* [Source material]:
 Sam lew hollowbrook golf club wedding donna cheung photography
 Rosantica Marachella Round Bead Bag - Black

* * *

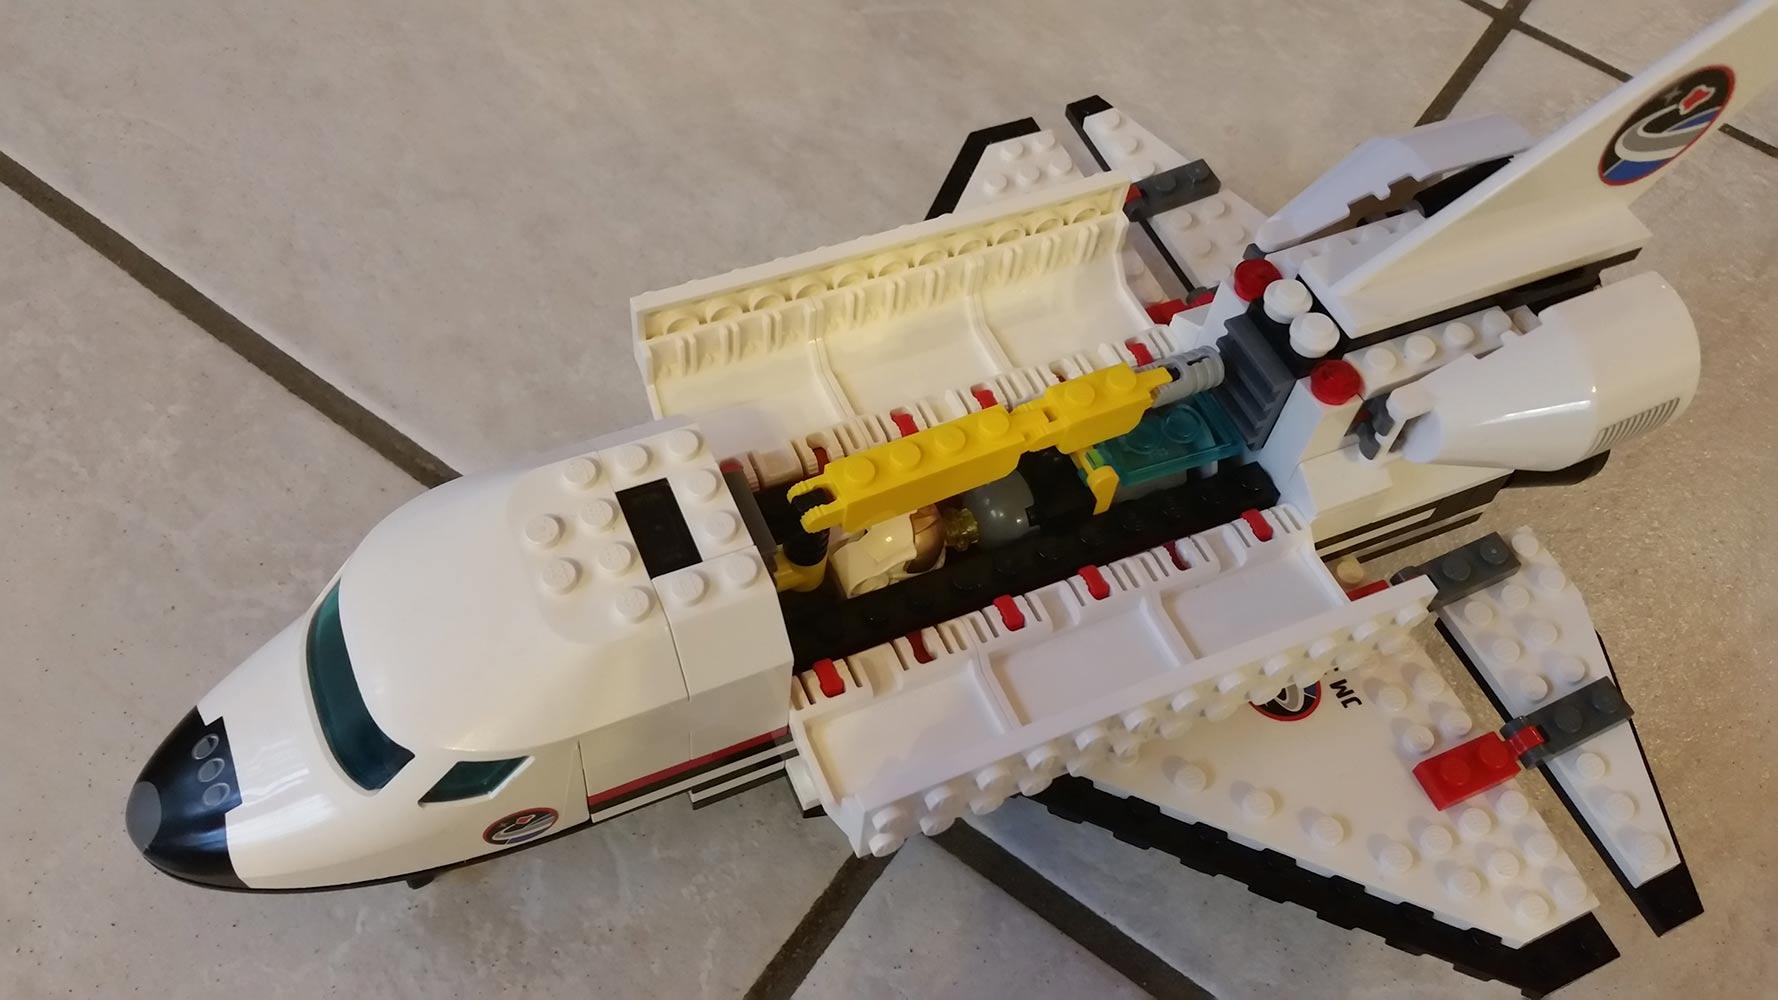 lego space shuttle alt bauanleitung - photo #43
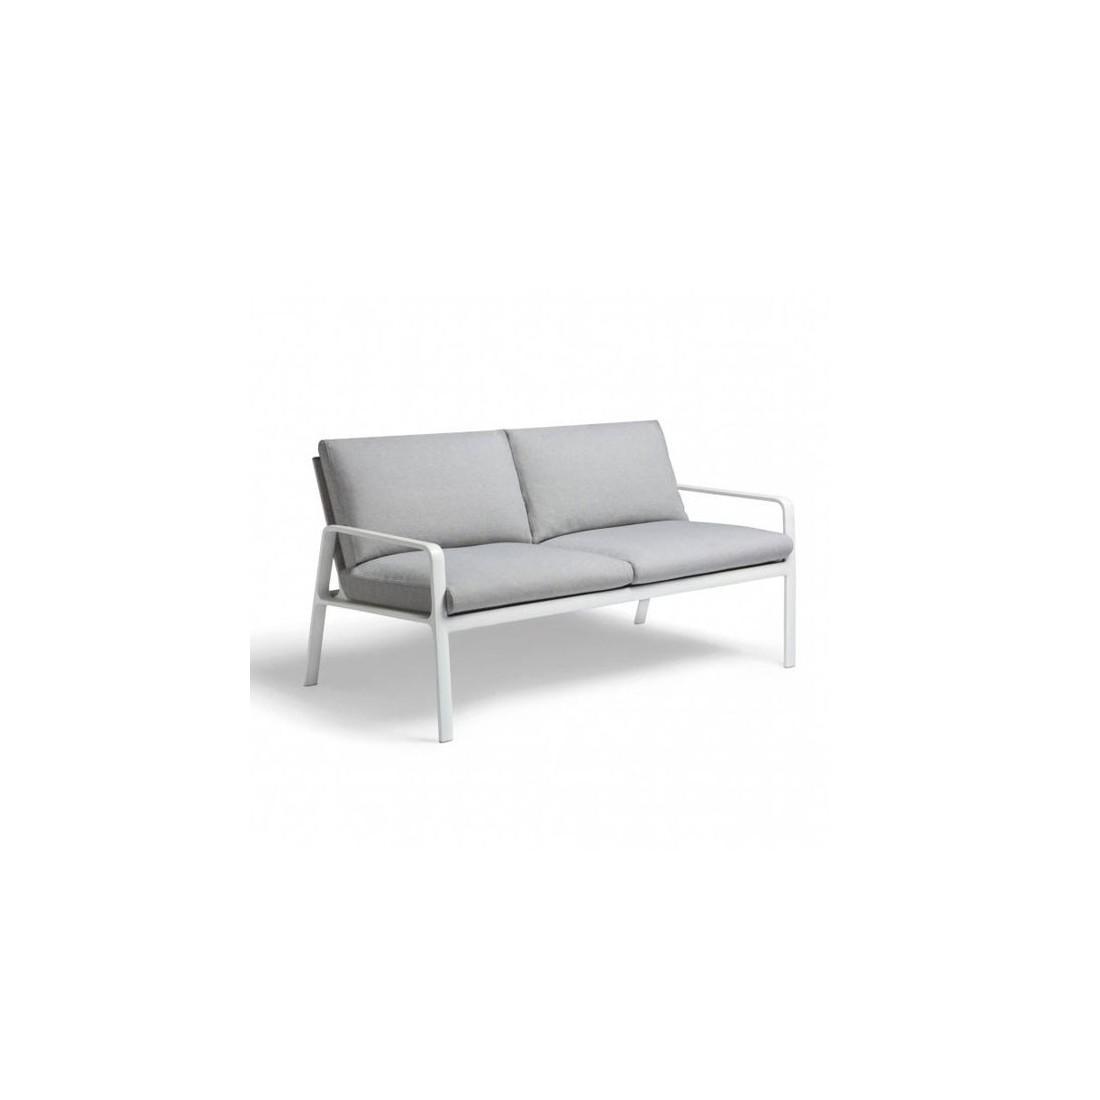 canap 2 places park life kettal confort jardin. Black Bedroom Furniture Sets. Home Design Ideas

==

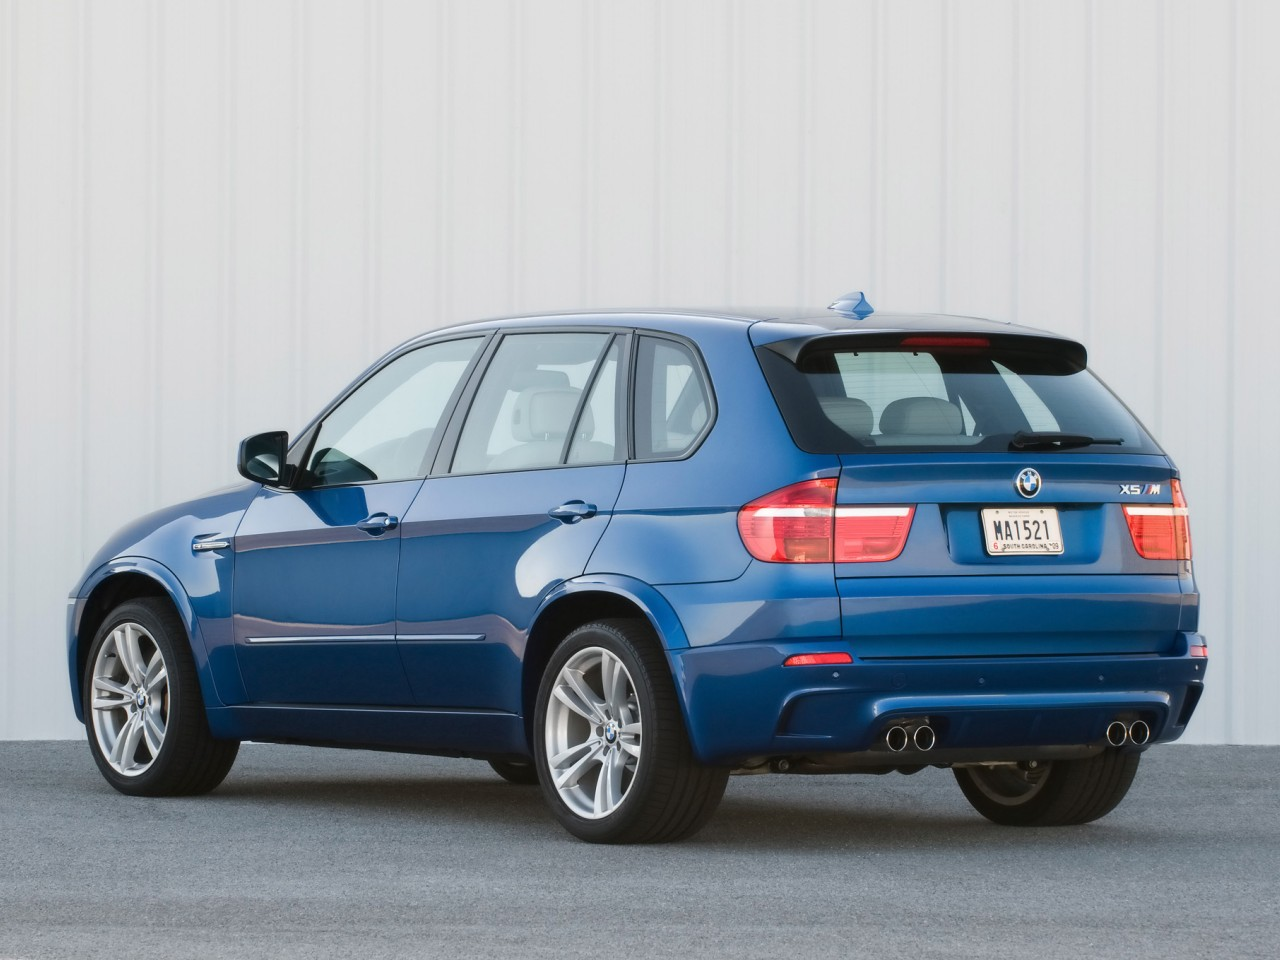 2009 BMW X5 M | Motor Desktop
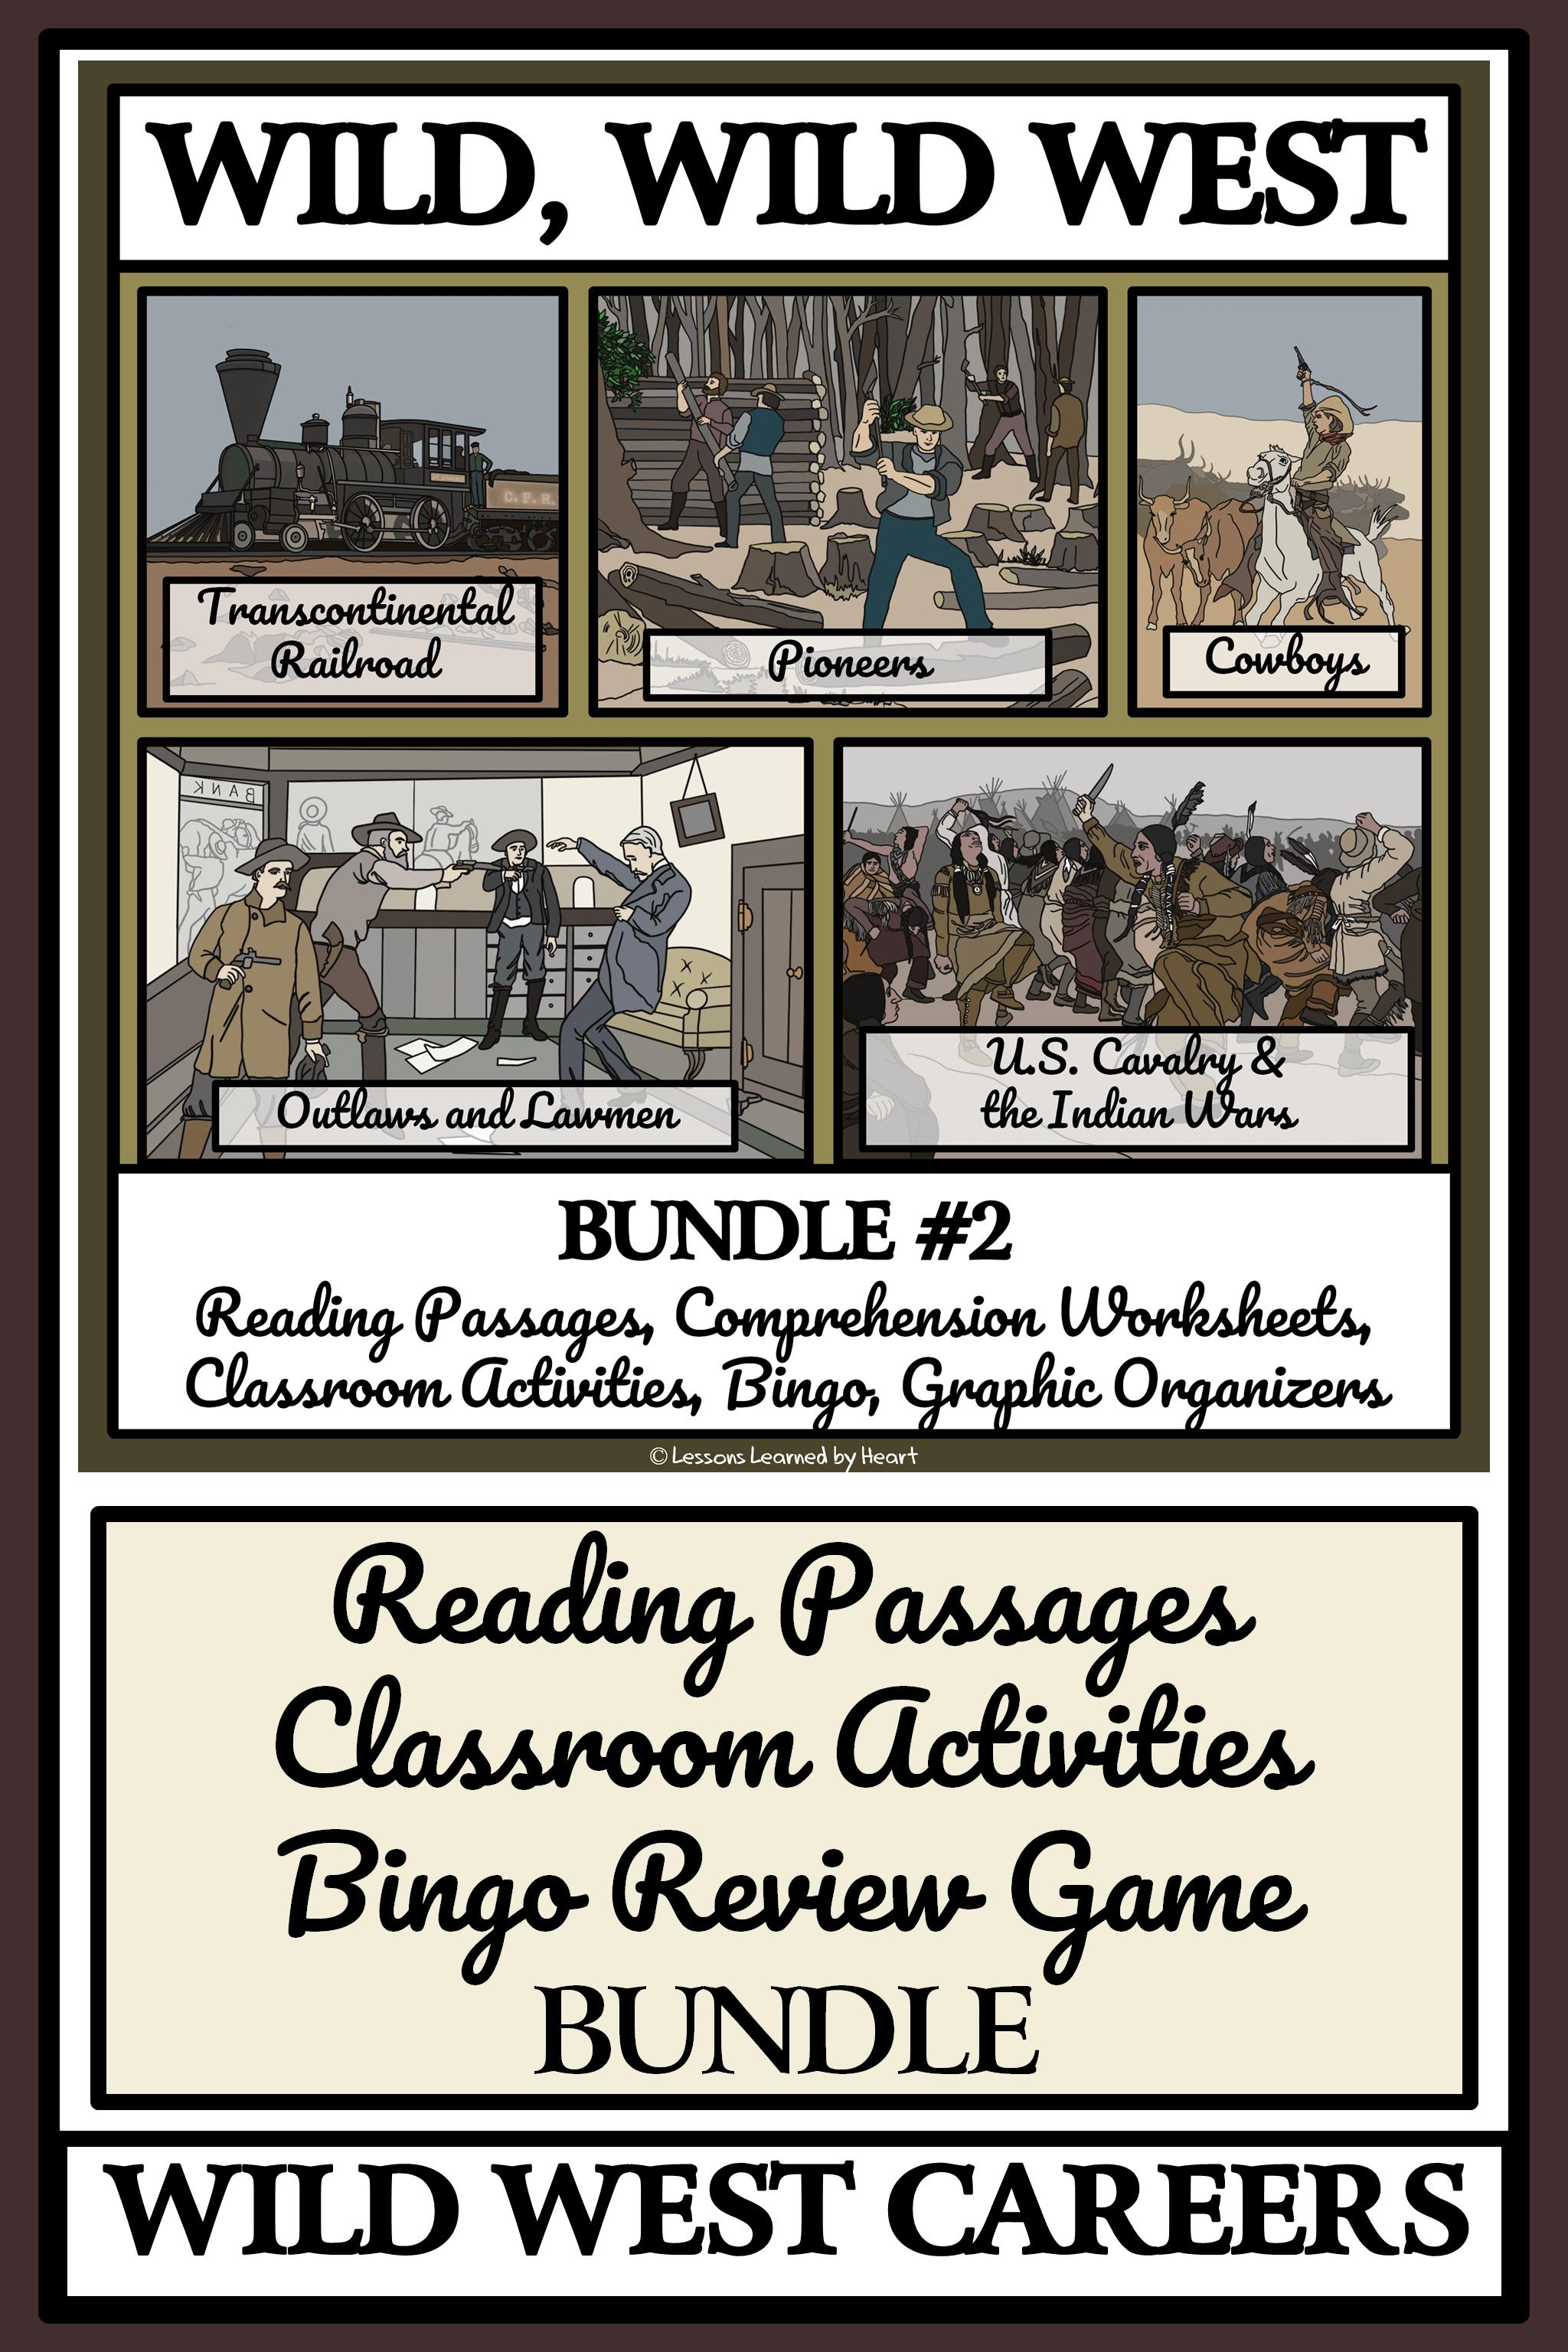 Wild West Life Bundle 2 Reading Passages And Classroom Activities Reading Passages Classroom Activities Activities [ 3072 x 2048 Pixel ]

* [Exercise requirements]: Above this task is a listing with pictures in it. Retype only the lines from the one containing "lego space shuttle" through the one containing "canap 2 places", both included, and not the pictures.

* [Written solution]:
 lego space shuttle alt bauanleitung - photo #43
 canap 2 places park life kettal confort jardin. Black Bedroom Furniture Sets. Home Design Ideas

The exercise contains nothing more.